▸ **Dataset section**:
========================================================================

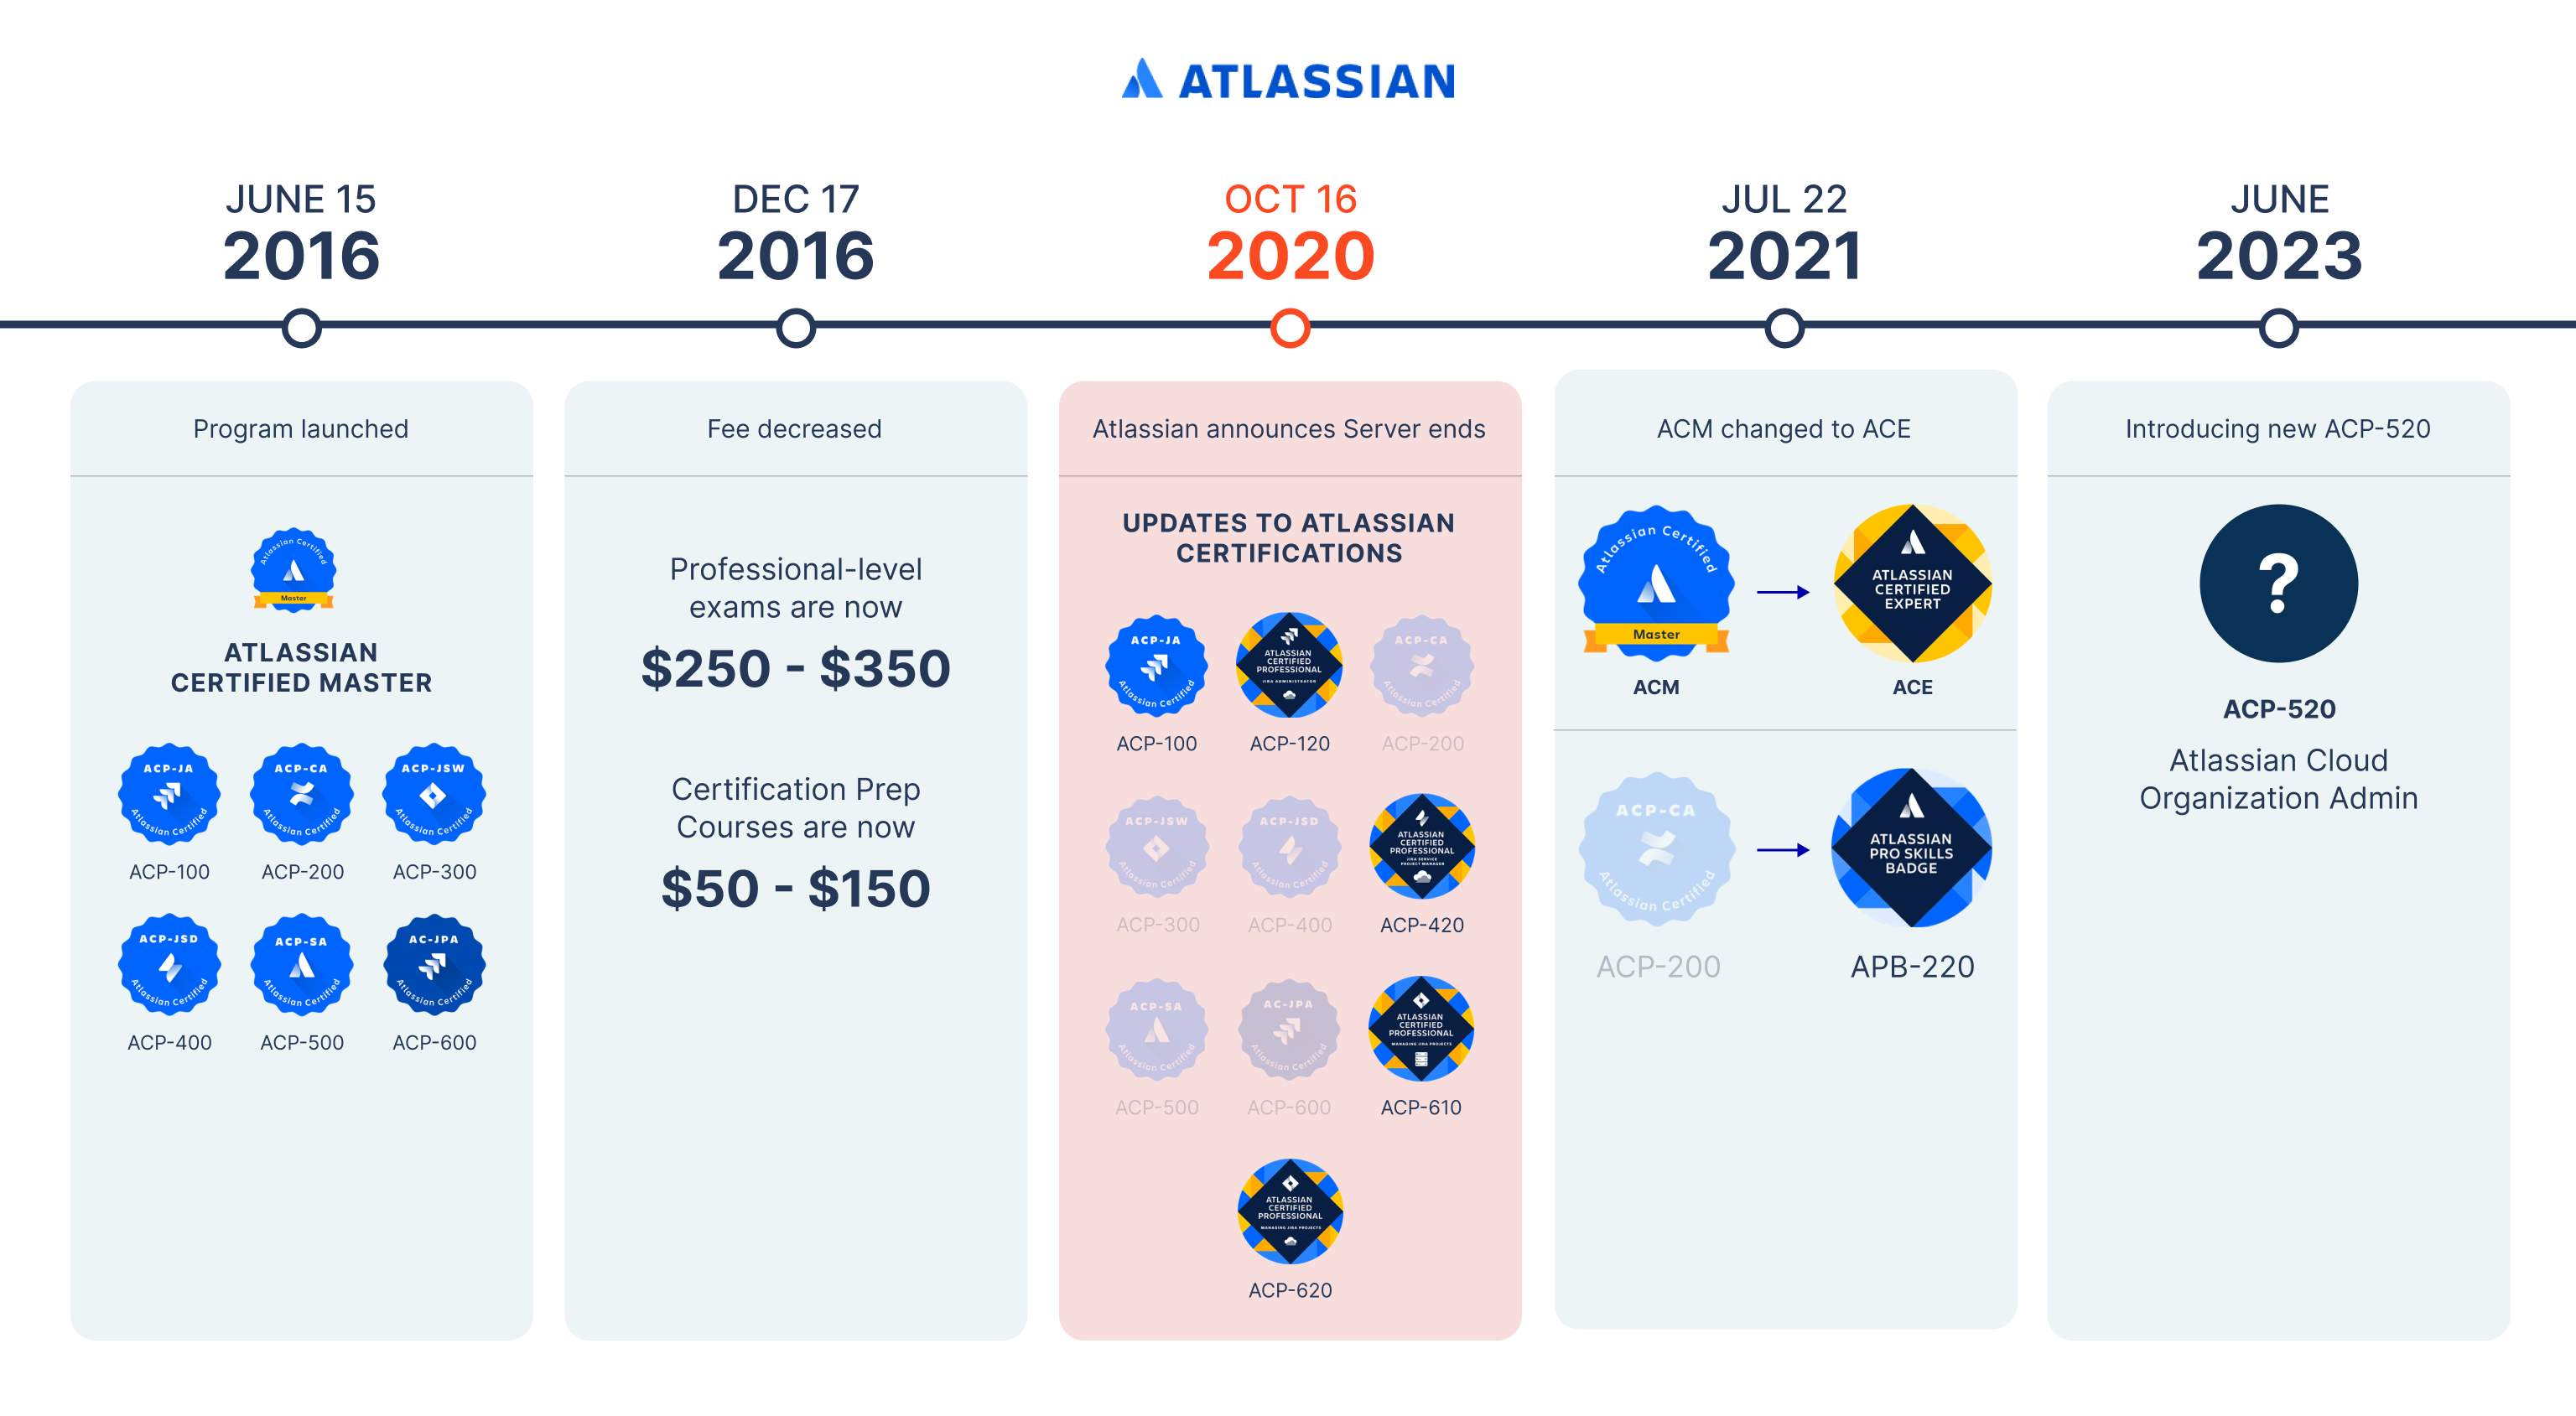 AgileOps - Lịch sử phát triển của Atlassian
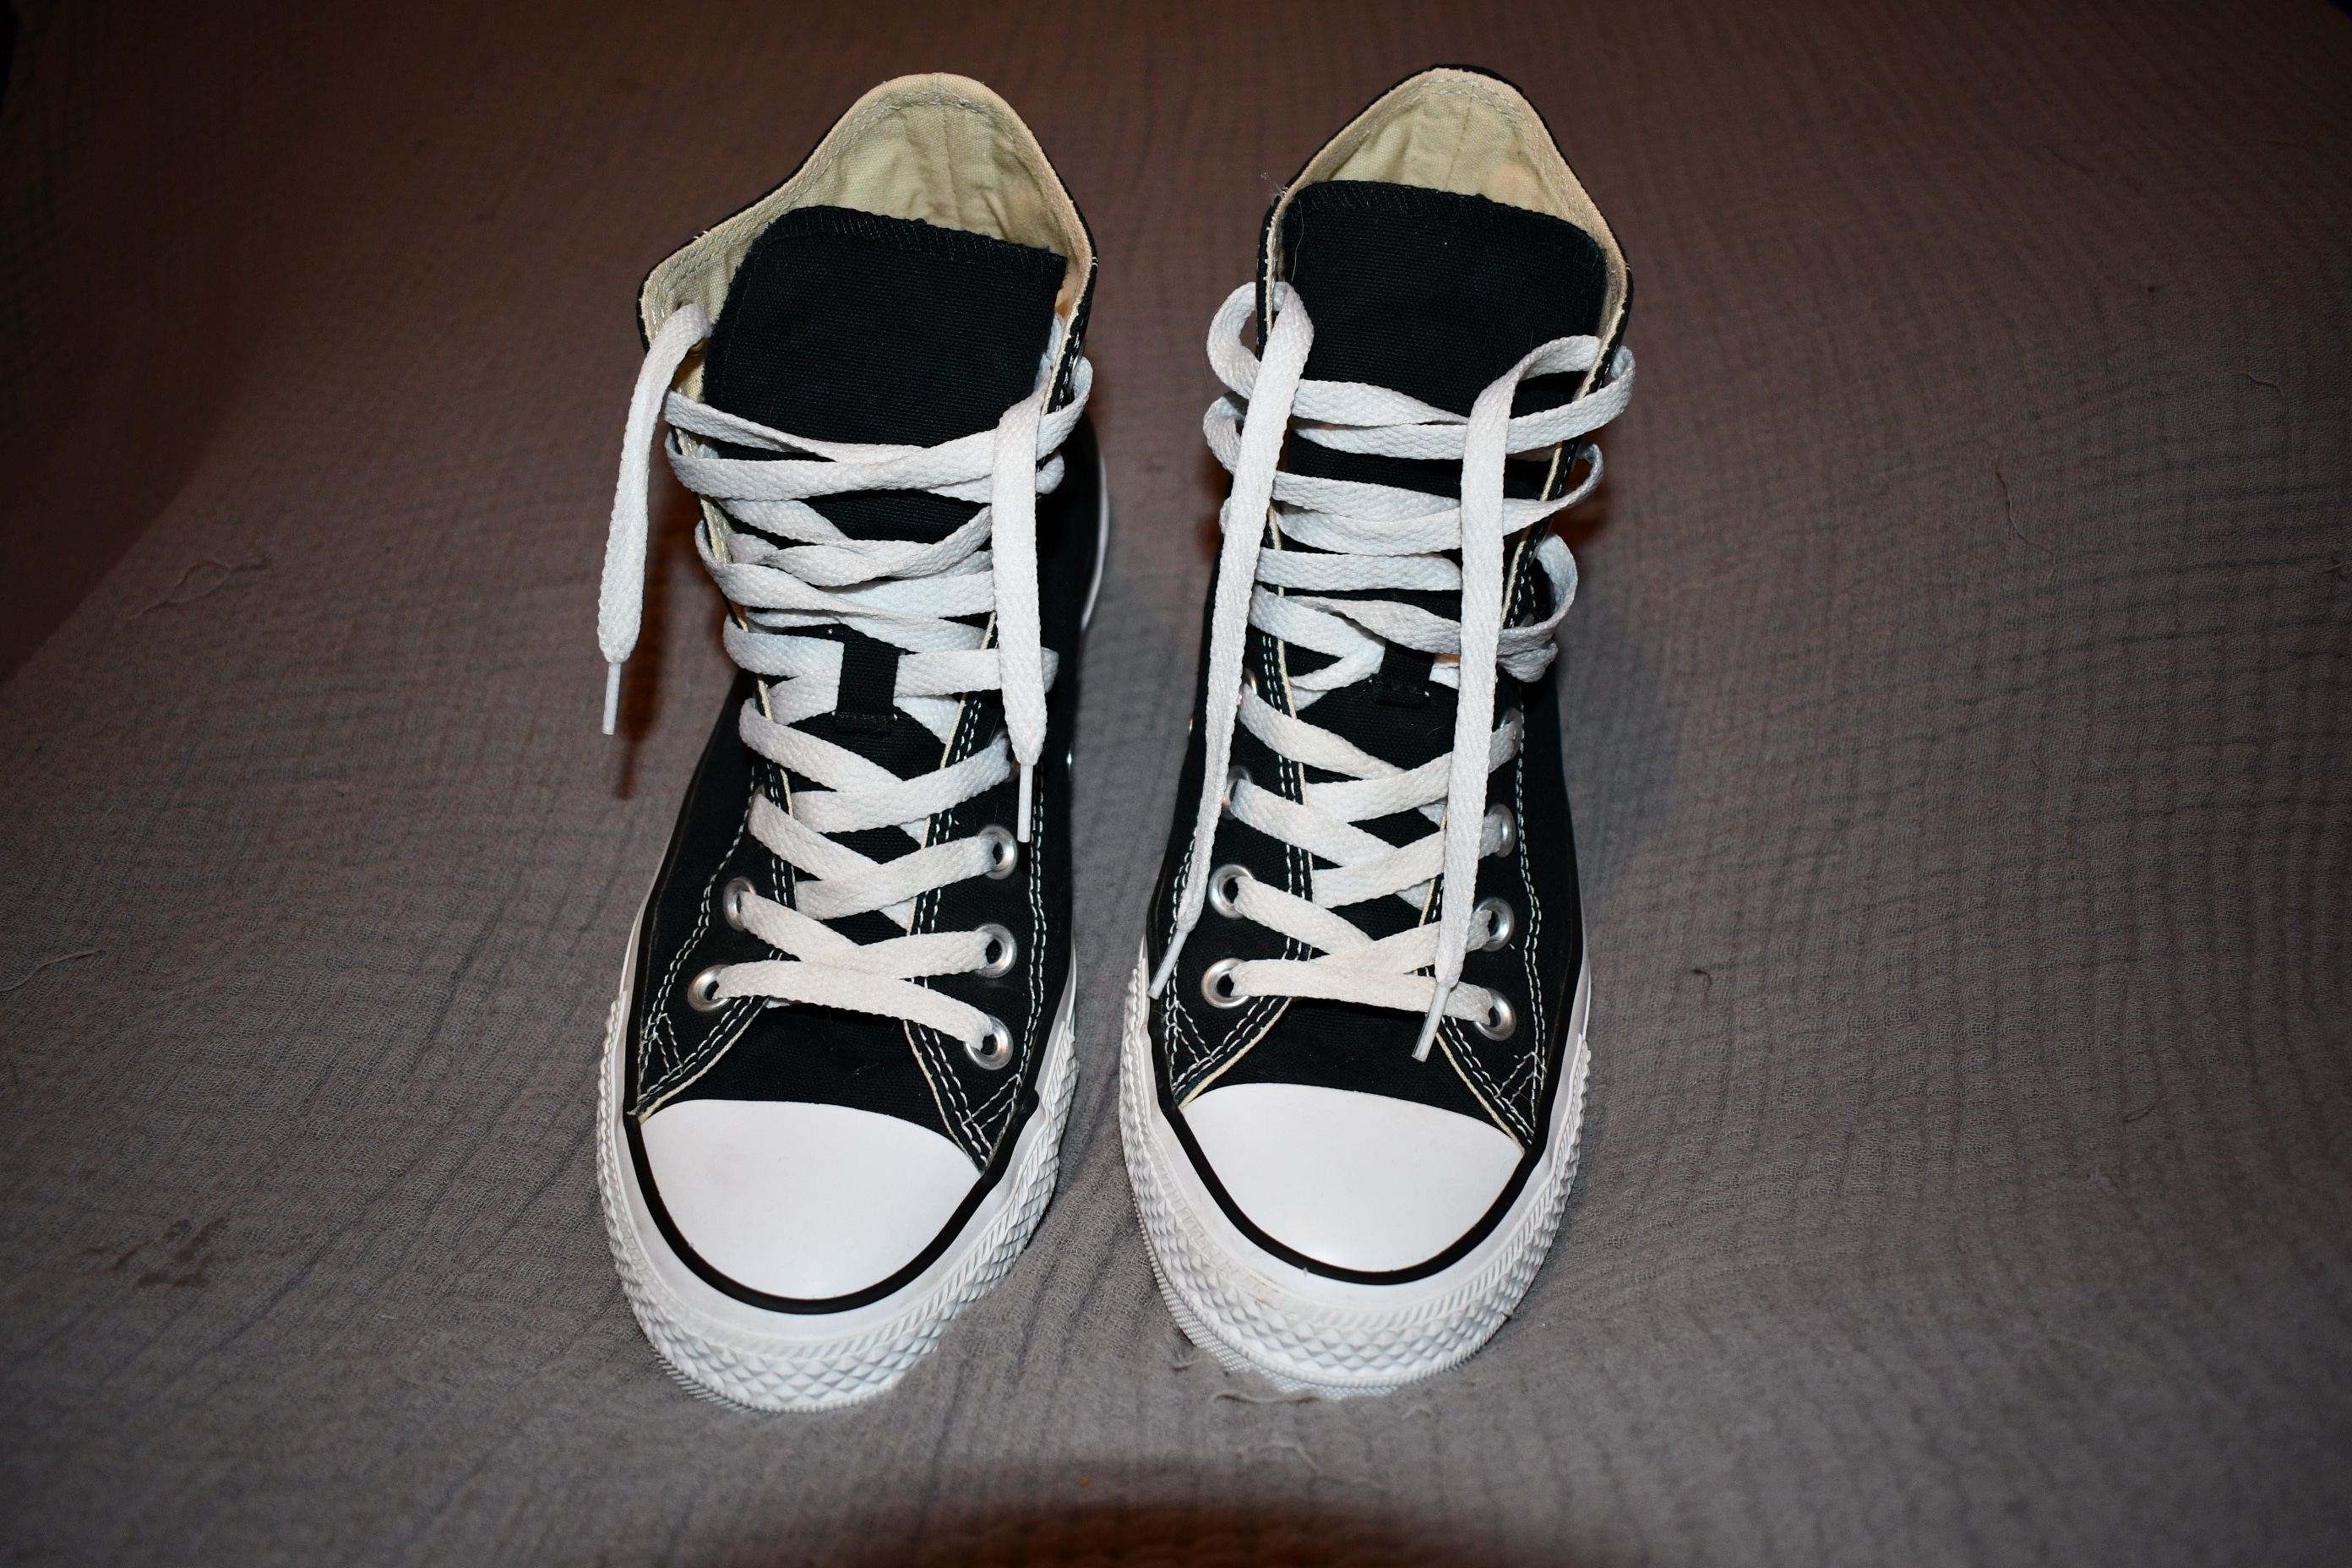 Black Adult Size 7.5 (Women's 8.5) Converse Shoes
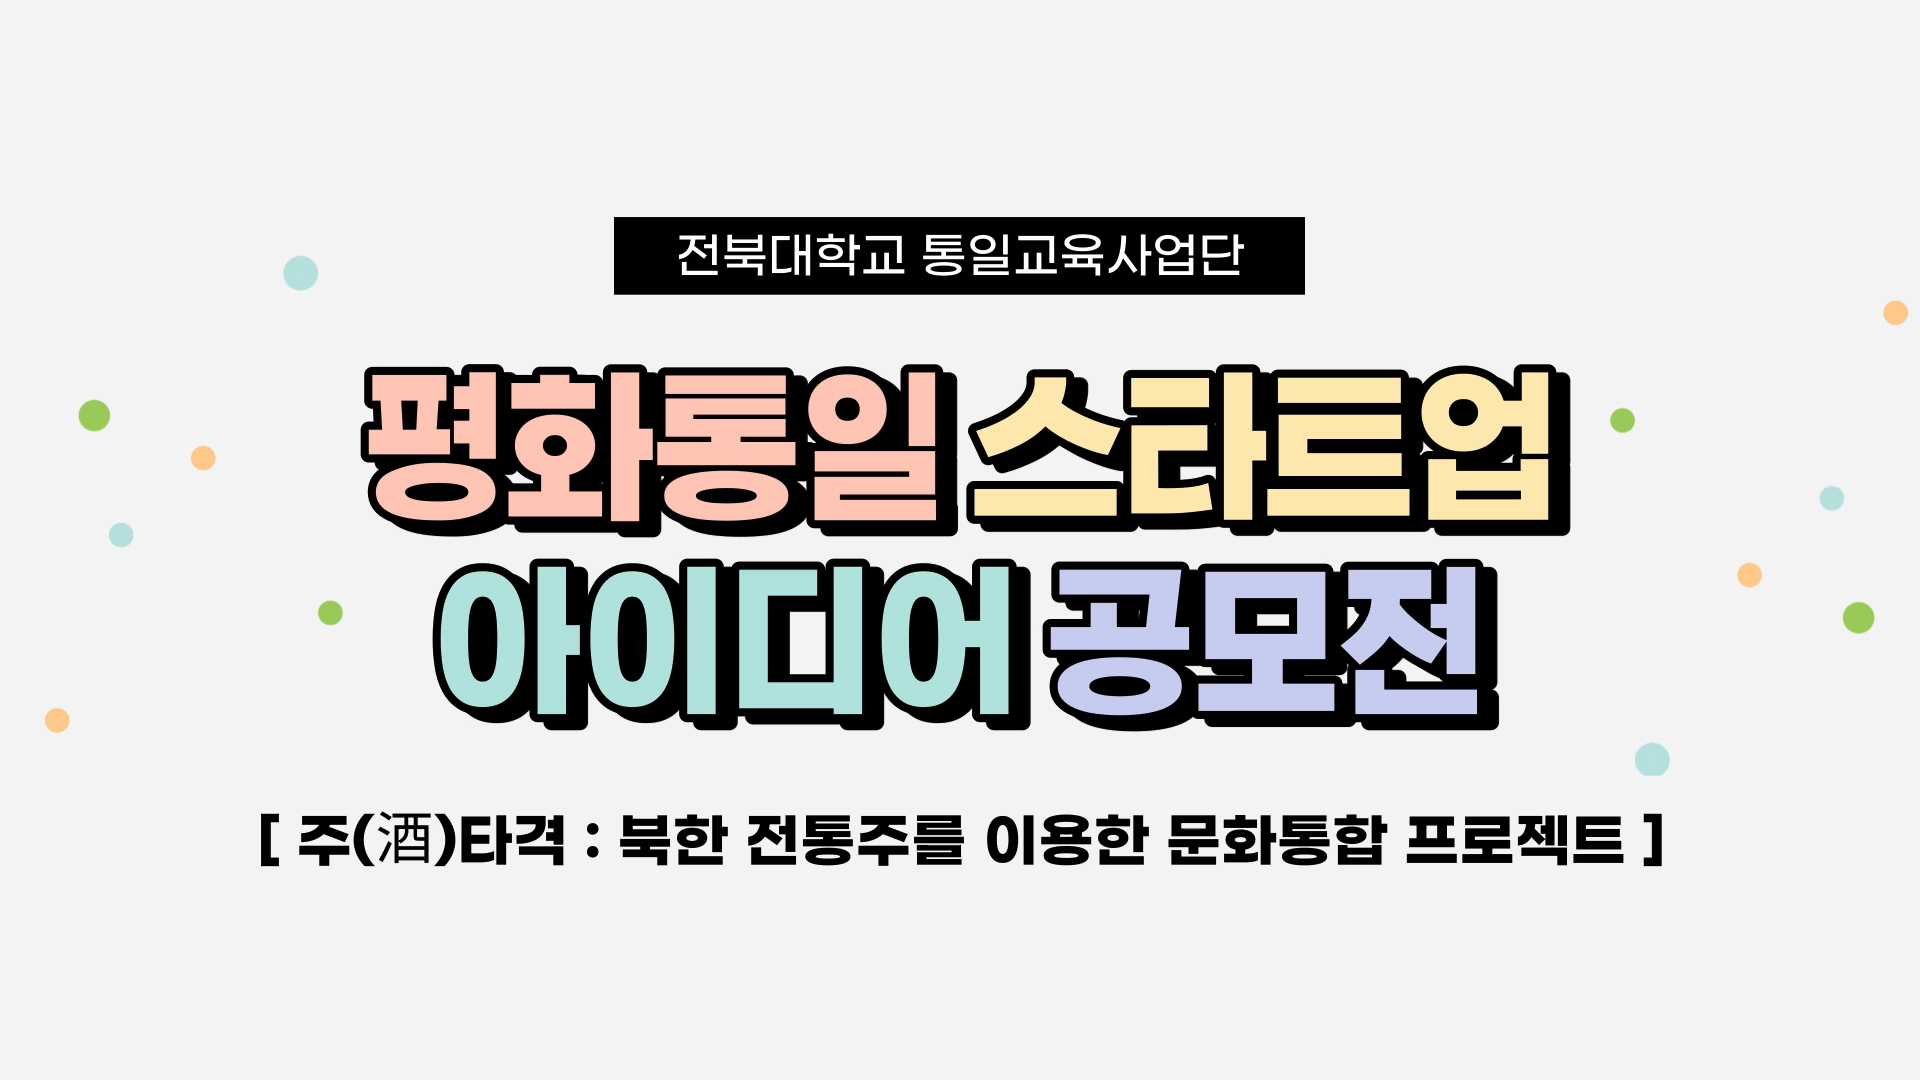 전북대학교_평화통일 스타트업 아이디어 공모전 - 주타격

========================================================================

▸ **Problem to solve**:
Leave out the pictures and reproduce the rest of the listing exactly.

▸ **Task solution**:
 AgileOps - Lịch sử phát triển của Atlassian
 Black Adult Size 7.5 (Women's 8.5) Converse Shoes
 전북대학교_평화통일 스타트업 아이디어 공모전 - 주타격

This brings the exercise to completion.